By Emily Gong published on Jul 15th, 2023

DataSquad Spotlight: Kristian Allen


Kristian Allen joined UCLA Library as the Software Architect in 2008 and has been with the Digital Library Program and Data Science Center for over 15 years. As an integral part of the DSC, Kristian mainly focuses on three areas of work: teaching and instruction, deep learning machine, and working with DataSquad.

Teaching and Instruction

Certified Carpentries Instructor Kristian primarily teaches lessons related to Python, SQL and OpenRefine. Carpentries is a non-profit organization that develops a curriculum to teach CS and programming skills to people who come from non-technical backgrounds; it serves as a great resource for graduate students, staff members, and advanced undergraduates at UCLA and beyond. As a teacher, Kristian said his goal is “meet the learners where they are and make them feel confident in their abilities.” Every year, Kristian not only regularly teaches the topics he specializes in (twice a year), but also helps at other workshops and experiments with more nuanced topics, such as the recent workshop in Intro to AI for GLAM (Galleries, Libraries, Archives, and Museums).

In addition to what Carpentries usually suggests instructors do, Kristian pays special attention to learners’ feedback and makes the lessons more interesting. Since workshops have a set amount of time, it’s easy to lose track of time and miss certain parts of the lesson. For example, Kristian realized that students find the graphing section of the Python tutorial much more useful than the section on writing tests for code. Thus, he changed the lesson to accommodate what the learners were asking for - prioritizing graphing, which is more valuable to the participants. Kristian also makes an effort to use data that’s interesting to the learner rather than using any available data.

Deep Learning Machine

In addition to teaching, Kristian works alongside Leigh Phan on the Library’s Deep Learning Machine (DLM). In the past 3 years, there has been an uptaking demand for AI and ML techniques to analyze data, according to Kristian. With a GPU processor, the DLM aims to provide a quick, low-barrier-to-entry solution for researchers who hope to scale their data analysis process without waiting in front of their local computers for days, or the prohibitive costs of cloud services.

Kristian has led the process of making a user management system on the DLM so that researchers can easily log in without complicated terminal commands, which can be intimidating for people with little CS experience. After surveying with researchers, Kristian mentioned that most users are using R and Python. Hence, the DSC is building both RStudio and Jupyter Lab interfaces - aiming to provide the simplest solution that works for the widest audience.

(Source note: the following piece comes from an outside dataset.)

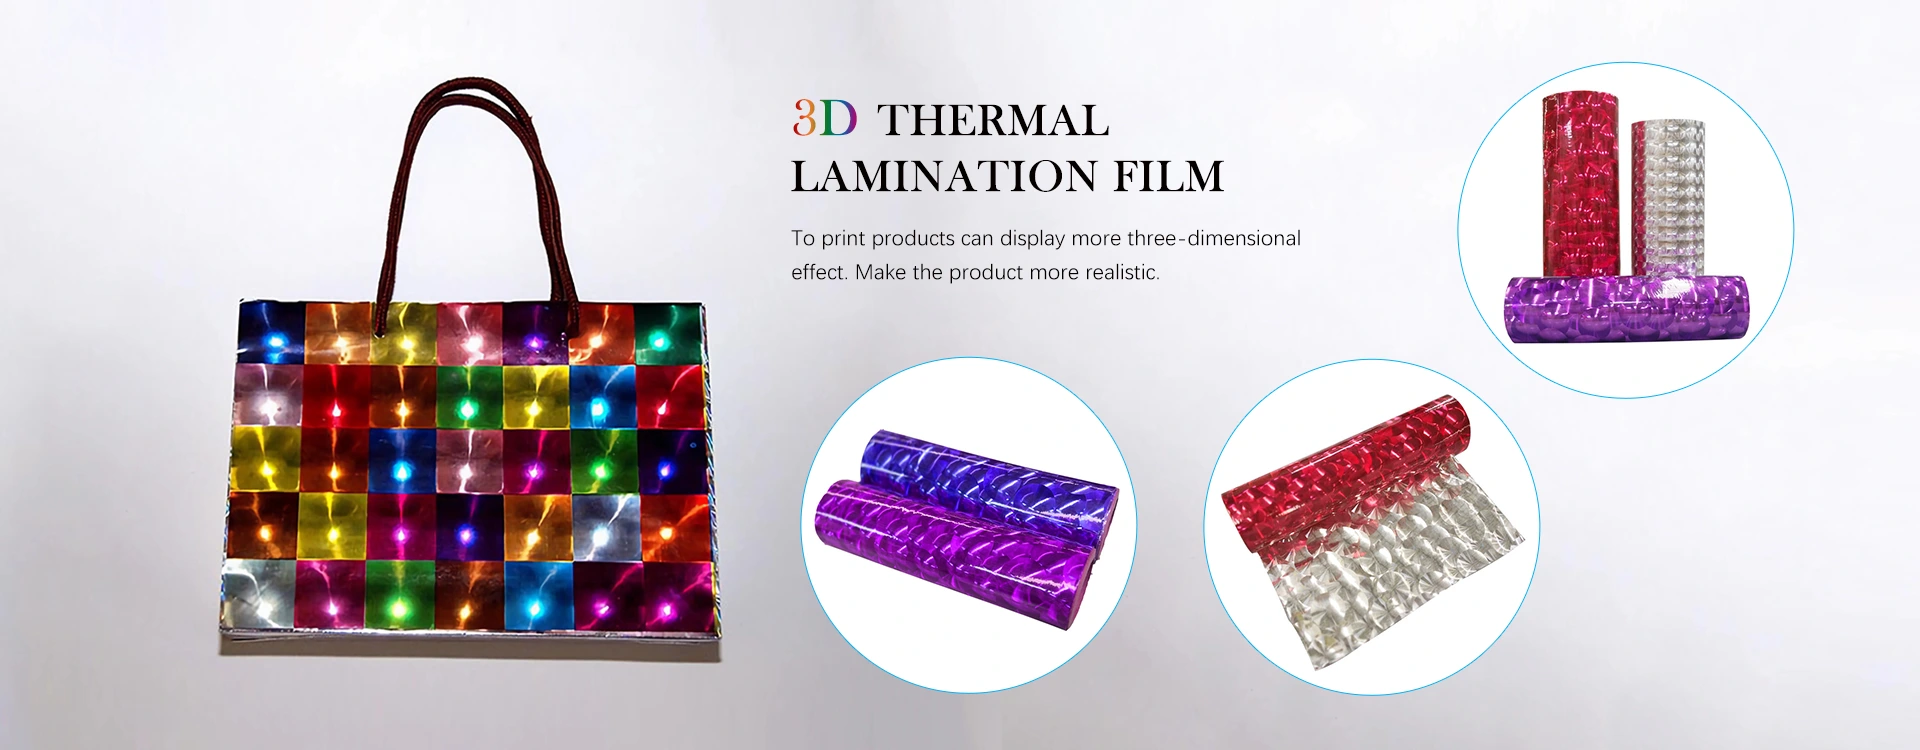 Fabricantes de películas de laminación térmica 3D

As more and more researchers and graduate students come to the DSC with medium to large-sized data, the DLM will provide great convenience to the campus community. “Once the login system is complete,” Kristian said, “the Deep Learning Machine will be open to anyone on campus.”

Working with DataSquad

Last but not least, Kristian works closely with DataSquad members on consulting projects. He sets up the project for student workers by providing background information and preliminary research, such as helpful libraries and examples from other sources. Rather than having nebulous project scopes, Kristian clearly defines objectives and breaks them down into smaller tasks for consultants, which has been extremely helpful for the students.

For example, for the Orang Asli Study, Kristian frequently meets with the DataSquad consultant, Shail, to discuss coding issues and provide feedback. When Shail worked on the base cases for text extraction, Kristian helped identify edge cases and provided detailed instructions on handling them. Combining the methods, Shail developed a robust way to help reduce ambiguity when extracting question text in a noisy environment with proprietary encodings, such as Microsoft Word, and ambiguous and dual-meaning symbols, like parentheses, enumerated statements and missing termination data.

While Kristian’s known as the Software Architect on his profile, he does so much more than build software for Digital Library Program and Data Science Center - he’s an experienced instructor, a skilled developer, and a dedicated mentor. We appreciate Kristian’s contribution to all the areas we mentioned above and the ones we couldn’t mention in this highlight article!